The counter-terrorists found a time bomb in the dust. But this time the terrorists improve on the time bomb. The number sequence of the time bomb counts from 1 to N. If the current number sequence includes the sub-sequence "49", the power of the blast would add one point. 
Now the counter-terrorist knows the number N. They want to know the final points of the power. Can you help them? 

 

Input

The first line of input consists of an integer T (1 <= T <= 10000), indicating the number of test cases.

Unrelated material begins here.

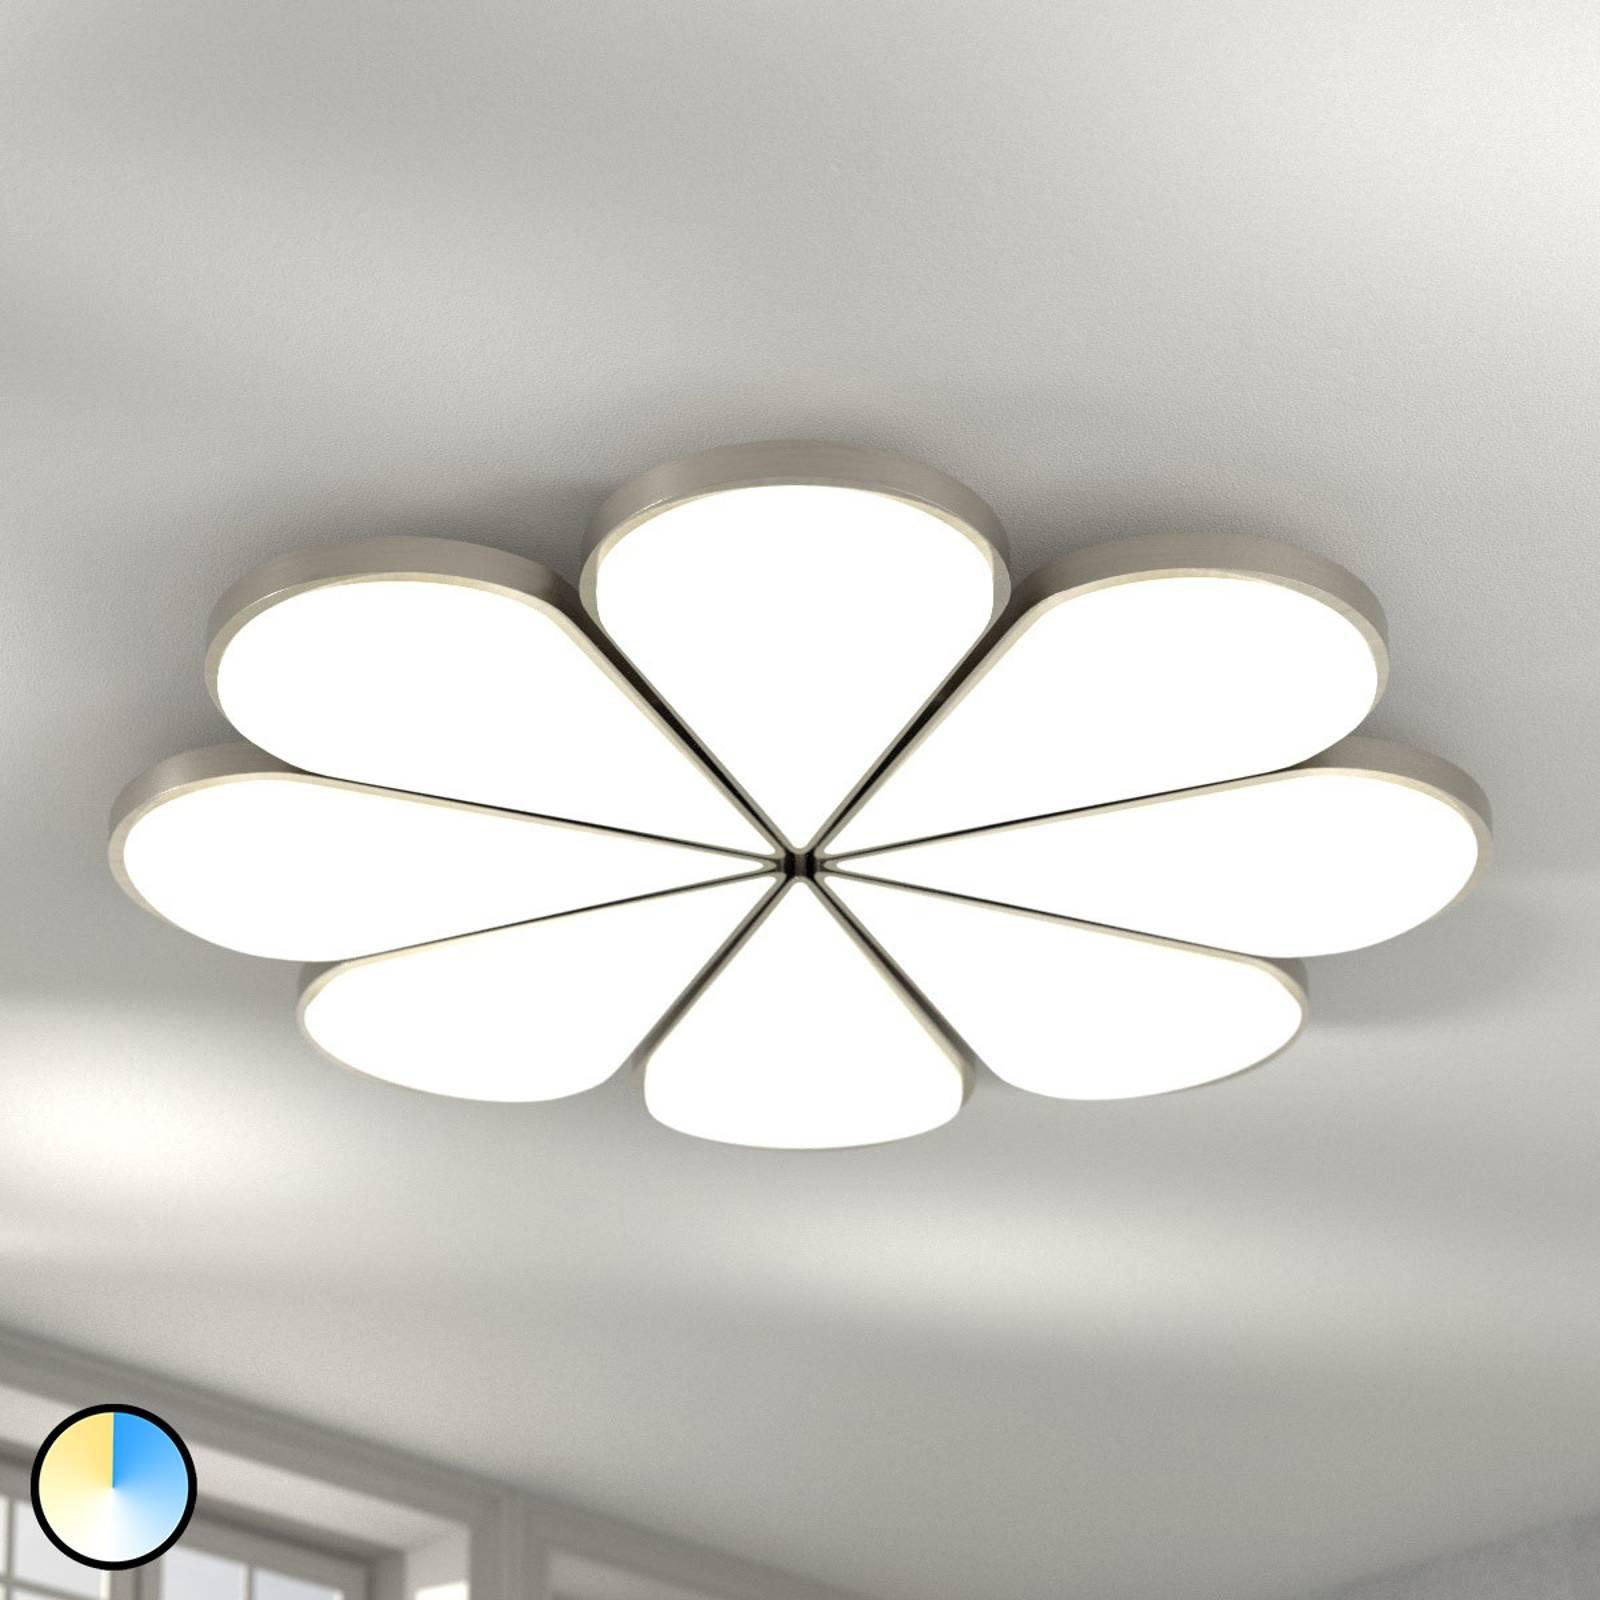 B-Leuchten Flower LED plafondlamp CCT Ø 81 cm

For each test case, there will be an integer N (1 <= N <= 2^63-1) as the description. 

The input terminates by end of file marker. 

 

Output

For each test case, output an integer indicating the final points of the power.

 

Sample Input

      
      
      
      

       
       
       
        3
1
50
500 
      
      
      
      

 

Sample Output

      
      
      
      

       
       
       
        0
1
15 
      
      
      
      

Hint

From 1 to 500, the numbers that include the sub-sequence "49" are "49","149","249","349","449","490","491","492","493","494","495","496","497","498","499", so the answer is 15.
         

求1到n中不含49的数的个数

dp[i][j][0]代表i位的数，最高位为j时，没有出现49的个数

dp[i][j][1]代表i位的数，最高位为j时，出现49的个数

#include <cstdio>
#include <cstring>
#include <algorithm>
using namespace std ;
#define LL __int64
LL dp[25][10][2] ;
int digit[25] , cnt ;
void init()
{
    int i , j , k ;
    memset(dp,0,sizeof(dp)) ;
    for(j = 0 ; j < 10 ; j++)
        dp[1][j][0] = 1 ;
    for(i = 2 ; i <= 20 ; i++)
    {
        for(j = 0 ; j < 10 ; j++)
        {
            for(k = 0 ; k < 10 ; k++)
            {
                dp[i][j][1] += dp[i-1][k][1] ;
                if( j == 4 && k == 9 )
                    dp[i][j][1] += dp[i-1][k][0] ;
                else
                    dp[i][j][0] += dp[i-1][k][0] ;
            }
            //printf("dp[%d][%d]  %I64d %I64d\n", i , j , dp[i][j][0], dp[i][j][1]) ;
        }
    }
    return ;
}
LL solve(LL temp)
{
    int flag , i , j ;
    LL ans = 0 ;
    memset(digit,0,sizeof(digit)) ;
    cnt = 0 ;
    while( temp )
    {
        digit[++cnt] = temp % 10 ;
        temp /= 10 ;
    }
    for(j = 0 ; j < digit[cnt] ; j++)
        ans += dp[cnt][j][1] ;
    flag = 0 ;
    for(i = cnt-1 ; i > 0 ; i--)
    {
        for(j = 0 ; j < digit[i] ; j++)
        {
            ans += dp[i][j][1] ;
            if( flag )
                ans += dp[i][j][0] ;
        }
        if( digit[i+1] == 4 && digit[i] == 9 )
            flag = 1 ;
    }
    return ans ;
}
int main()
{
    LL t , n , ans ;
    init() ;
    scanf("%I64d", &t) ;
    while( t-- )
    {
        scanf("%I64d", &n) ;
        ans = solve(n+1) ;
        printf("%I64d\n", ans) ;
    }
    return 0;
}